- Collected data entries

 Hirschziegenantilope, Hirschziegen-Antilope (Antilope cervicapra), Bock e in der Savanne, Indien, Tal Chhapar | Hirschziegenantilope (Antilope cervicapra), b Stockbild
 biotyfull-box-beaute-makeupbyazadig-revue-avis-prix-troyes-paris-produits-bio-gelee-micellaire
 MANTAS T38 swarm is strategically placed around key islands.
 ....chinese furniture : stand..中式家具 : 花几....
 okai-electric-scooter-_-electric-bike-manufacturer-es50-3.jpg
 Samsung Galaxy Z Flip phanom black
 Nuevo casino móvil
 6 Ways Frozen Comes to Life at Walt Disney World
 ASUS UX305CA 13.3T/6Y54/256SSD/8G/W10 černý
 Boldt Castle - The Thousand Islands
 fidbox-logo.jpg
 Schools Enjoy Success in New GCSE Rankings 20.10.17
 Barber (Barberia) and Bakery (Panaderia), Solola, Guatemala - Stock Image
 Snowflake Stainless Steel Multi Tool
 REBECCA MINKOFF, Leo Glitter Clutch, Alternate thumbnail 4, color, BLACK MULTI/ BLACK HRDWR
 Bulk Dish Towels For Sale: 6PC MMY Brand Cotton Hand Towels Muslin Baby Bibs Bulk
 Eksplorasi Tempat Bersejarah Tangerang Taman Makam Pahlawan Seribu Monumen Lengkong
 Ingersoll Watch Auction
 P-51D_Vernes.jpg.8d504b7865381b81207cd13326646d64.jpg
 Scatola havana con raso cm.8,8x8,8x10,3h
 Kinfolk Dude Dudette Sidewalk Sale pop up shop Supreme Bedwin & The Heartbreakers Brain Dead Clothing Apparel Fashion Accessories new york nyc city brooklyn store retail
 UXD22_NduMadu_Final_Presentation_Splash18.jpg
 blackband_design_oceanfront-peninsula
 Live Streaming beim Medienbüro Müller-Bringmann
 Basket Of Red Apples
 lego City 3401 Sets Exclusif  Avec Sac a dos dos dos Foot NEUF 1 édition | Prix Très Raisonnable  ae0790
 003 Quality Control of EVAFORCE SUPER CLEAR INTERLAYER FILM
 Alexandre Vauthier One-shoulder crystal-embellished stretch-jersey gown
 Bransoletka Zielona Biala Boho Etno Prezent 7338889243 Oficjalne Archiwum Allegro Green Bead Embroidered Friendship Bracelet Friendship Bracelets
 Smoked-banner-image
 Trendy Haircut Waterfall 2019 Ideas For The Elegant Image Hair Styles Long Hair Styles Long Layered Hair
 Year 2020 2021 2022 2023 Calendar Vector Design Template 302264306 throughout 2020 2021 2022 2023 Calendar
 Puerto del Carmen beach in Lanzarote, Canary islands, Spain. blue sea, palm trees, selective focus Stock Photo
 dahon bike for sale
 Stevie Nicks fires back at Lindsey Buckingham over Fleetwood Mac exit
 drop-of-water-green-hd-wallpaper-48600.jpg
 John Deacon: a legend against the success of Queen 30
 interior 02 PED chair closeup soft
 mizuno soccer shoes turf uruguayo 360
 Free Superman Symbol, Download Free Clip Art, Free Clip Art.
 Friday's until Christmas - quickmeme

- TASK REQUIREMENTS
Reproduce the preceding records exactly and completely.

- SOLUTION FOR THIS TASK
 Hirschziegenantilope, Hirschziegen-Antilope (Antilope cervicapra), Bock e in der Savanne, Indien, Tal Chhapar | Hirschziegenantilope (Antilope cervicapra), b Stockbild
 biotyfull-box-beaute-makeupbyazadig-revue-avis-prix-troyes-paris-produits-bio-gelee-micellaire
 MANTAS T38 swarm is strategically placed around key islands.
 ....chinese furniture : stand..中式家具 : 花几....
 okai-electric-scooter-_-electric-bike-manufacturer-es50-3.jpg
 Samsung Galaxy Z Flip phanom black
 Nuevo casino móvil
 6 Ways Frozen Comes to Life at Walt Disney World
 ASUS UX305CA 13.3T/6Y54/256SSD/8G/W10 černý
 Boldt Castle - The Thousand Islands
 fidbox-logo.jpg
 Schools Enjoy Success in New GCSE Rankings 20.10.17
 Barber (Barberia) and Bakery (Panaderia), Solola, Guatemala - Stock Image
 Snowflake Stainless Steel Multi Tool
 REBECCA MINKOFF, Leo Glitter Clutch, Alternate thumbnail 4, color, BLACK MULTI/ BLACK HRDWR
 Bulk Dish Towels For Sale: 6PC MMY Brand Cotton Hand Towels Muslin Baby Bibs Bulk
 Eksplorasi Tempat Bersejarah Tangerang Taman Makam Pahlawan Seribu Monumen Lengkong
 Ingersoll Watch Auction
 P-51D_Vernes.jpg.8d504b7865381b81207cd13326646d64.jpg
 Scatola havana con raso cm.8,8x8,8x10,3h
 Kinfolk Dude Dudette Sidewalk Sale pop up shop Supreme Bedwin & The Heartbreakers Brain Dead Clothing Apparel Fashion Accessories new york nyc city brooklyn store retail
 UXD22_NduMadu_Final_Presentation_Splash18.jpg
 blackband_design_oceanfront-peninsula
 Live Streaming beim Medienbüro Müller-Bringmann
 Basket Of Red Apples
 lego City 3401 Sets Exclusif  Avec Sac a dos dos dos Foot NEUF 1 édition | Prix Très Raisonnable  ae0790
 003 Quality Control of EVAFORCE SUPER CLEAR INTERLAYER FILM
 Alexandre Vauthier One-shoulder crystal-embellished stretch-jersey gown
 Bransoletka Zielona Biala Boho Etno Prezent 7338889243 Oficjalne Archiwum Allegro Green Bead Embroidered Friendship Bracelet Friendship Bracelets
 Smoked-banner-image
 Trendy Haircut Waterfall 2019 Ideas For The Elegant Image Hair Styles Long Hair Styles Long Layered Hair
 Year 2020 2021 2022 2023 Calendar Vector Design Template 302264306 throughout 2020 2021 2022 2023 Calendar
 Puerto del Carmen beach in Lanzarote, Canary islands, Spain. blue sea, palm trees, selective focus Stock Photo
 dahon bike for sale
 Stevie Nicks fires back at Lindsey Buckingham over Fleetwood Mac exit
 drop-of-water-green-hd-wallpaper-48600.jpg
 John Deacon: a legend against the success of Queen 30
 interior 02 PED chair closeup soft
 mizuno soccer shoes turf uruguayo 360
 Free Superman Symbol, Download Free Clip Art, Free Clip Art.
 Friday's until Christmas - quickmeme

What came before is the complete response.